I told him what it was I wanted him to do. To say he was dubious about the whole thing would have been a serious understatement. “I wish to help you,” he said stiffly when I’d finished. “I do not consider it help to be sent on a fool’s errand designed merely to keep me out of the way.”

“It’s not a fool’s errand,” I assured him. “It is an absolutely vital part of my plan.”

“Is it then designed to draw your enemies away from you?”

I took a deep breath. “Look, we don’t have time for long explanations. If you don’t want to help me, just say so, and I’ll do it myself.”

He rumbled into the comm. “I will do it,” he said.

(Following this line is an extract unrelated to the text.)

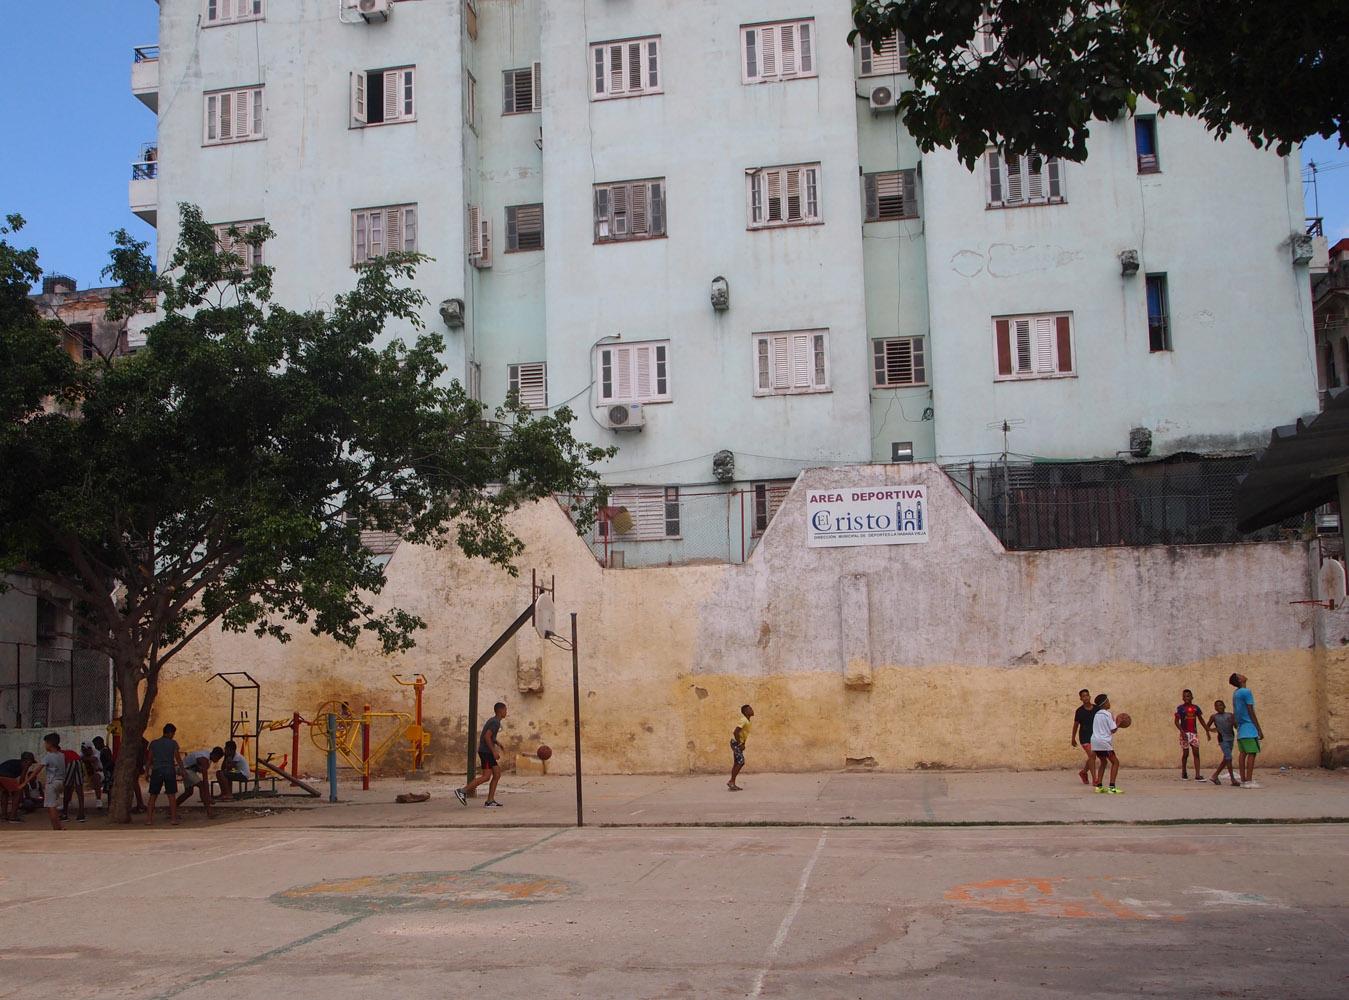 Cuba-Havana-Kids-Basketball-court.jpg

“Thank you,” I said. “Now. I’m guessing Bayta’s sent for a transport to come from the Tube to get us. Obviously, it’s going to want to avoid all the fuss and bother of the main docking stations, which is why I asked about service bays.”

“How will we know which docking station it will arrive at?”

I grinned tightly. That one, at least, was now obvious. “It’ll be Bay 39,” I told him. “After you dump the package from Yleli’s in there, I want you to check up on Minnario. He should be in an emergency node on Floor 142, Sector 16-J, right down the hall from the local security nexus. If he’s able to travel, bring him to the docking bay and wait there for Bayta and me. Got all that?”

“Yes,” he said. “I trust you will eventually tell me meaning of all this?”

“If we make it through, you’ll get the full explanation,” I promised. “If we don’t, it won’t matter anyway. Get going, and watch yourself.”

“You, as well,” he said. “Farewell.”

I keyed off the comm and looked at Doug. “Well? You know where she is?”

He woofed and bobbed his head. “Good,” I said as I stood up. “Let’s go get her.”